=== EXERCISE INPUTS ===

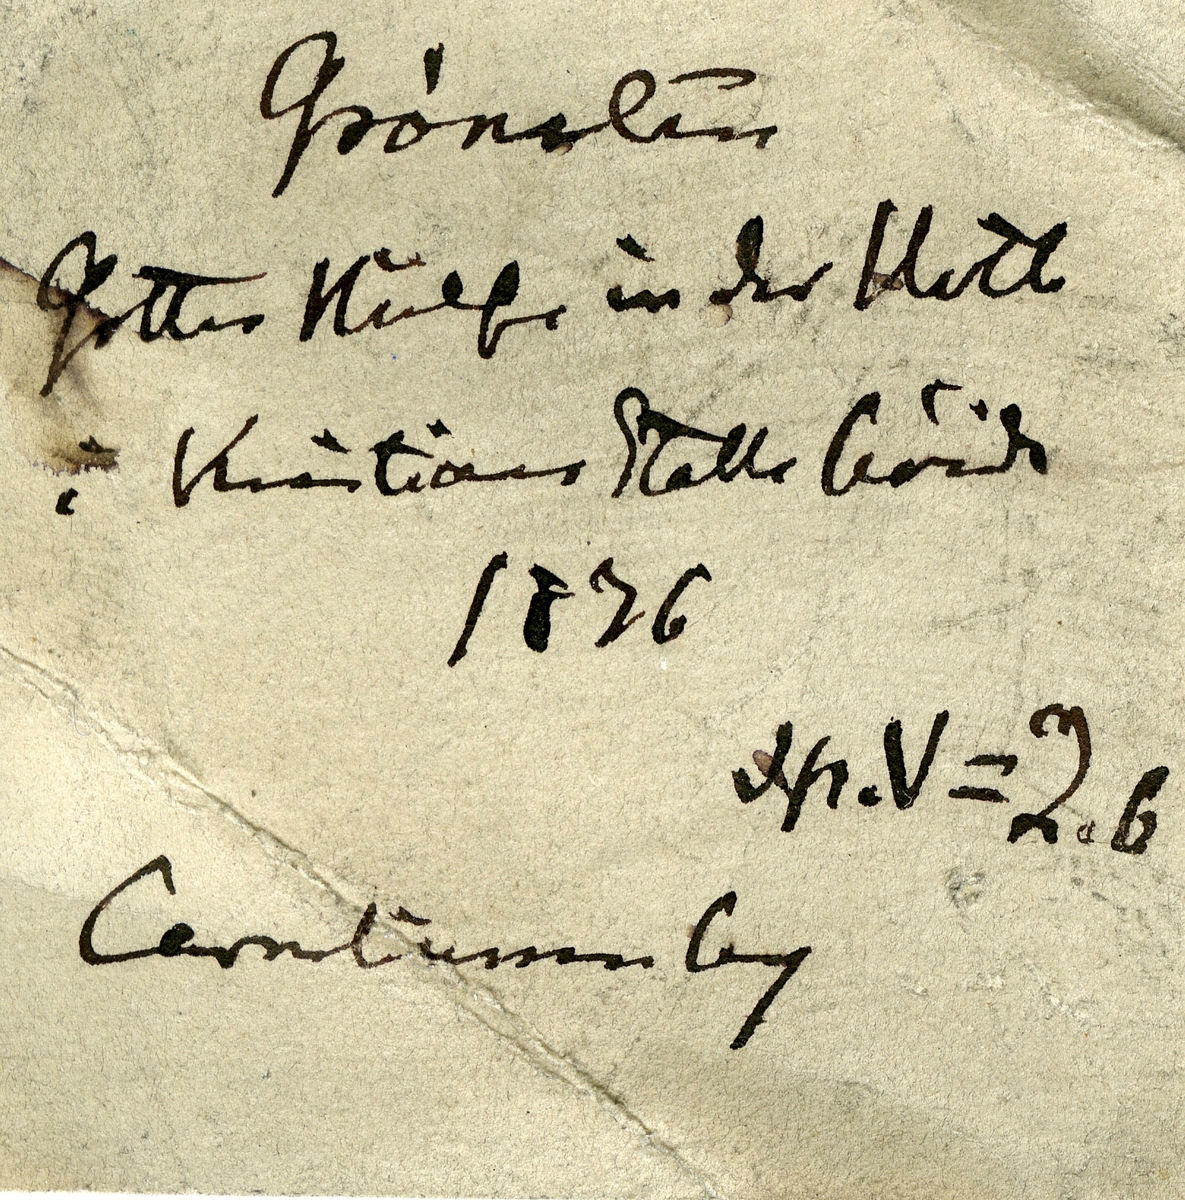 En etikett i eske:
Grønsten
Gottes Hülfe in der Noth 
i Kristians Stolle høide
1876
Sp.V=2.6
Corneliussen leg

===
=== EXERCISE INPUTS ===

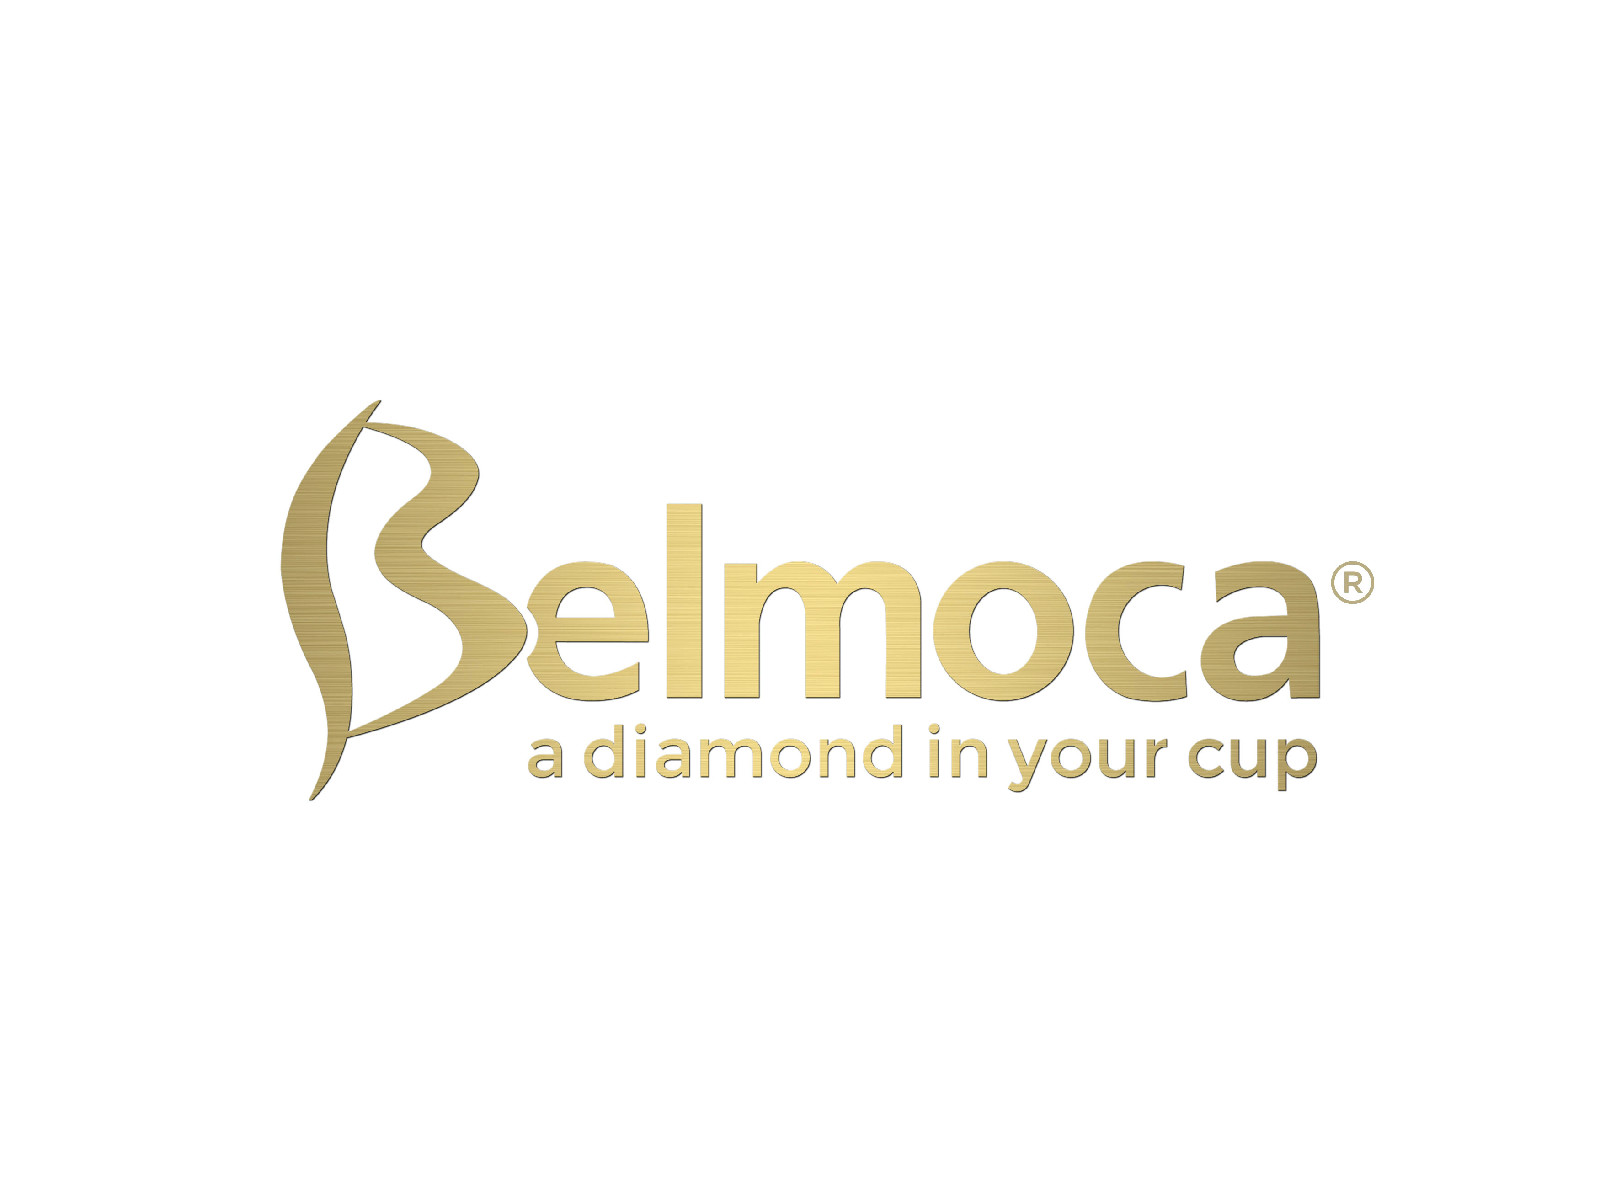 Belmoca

===

WHAT YOU SHOULD DO » Beginning at the line above that contains "En etikett i", repeat each line exactly through the one that contains "Corneliussen leg", and leave out the pictures.

ANSWER TO THIS TASK »
 En etikett i eske:
Grønsten
Gottes Hülfe in der Noth 
i Kristians Stolle høide
1876
Sp.V=2.6
Corneliussen leg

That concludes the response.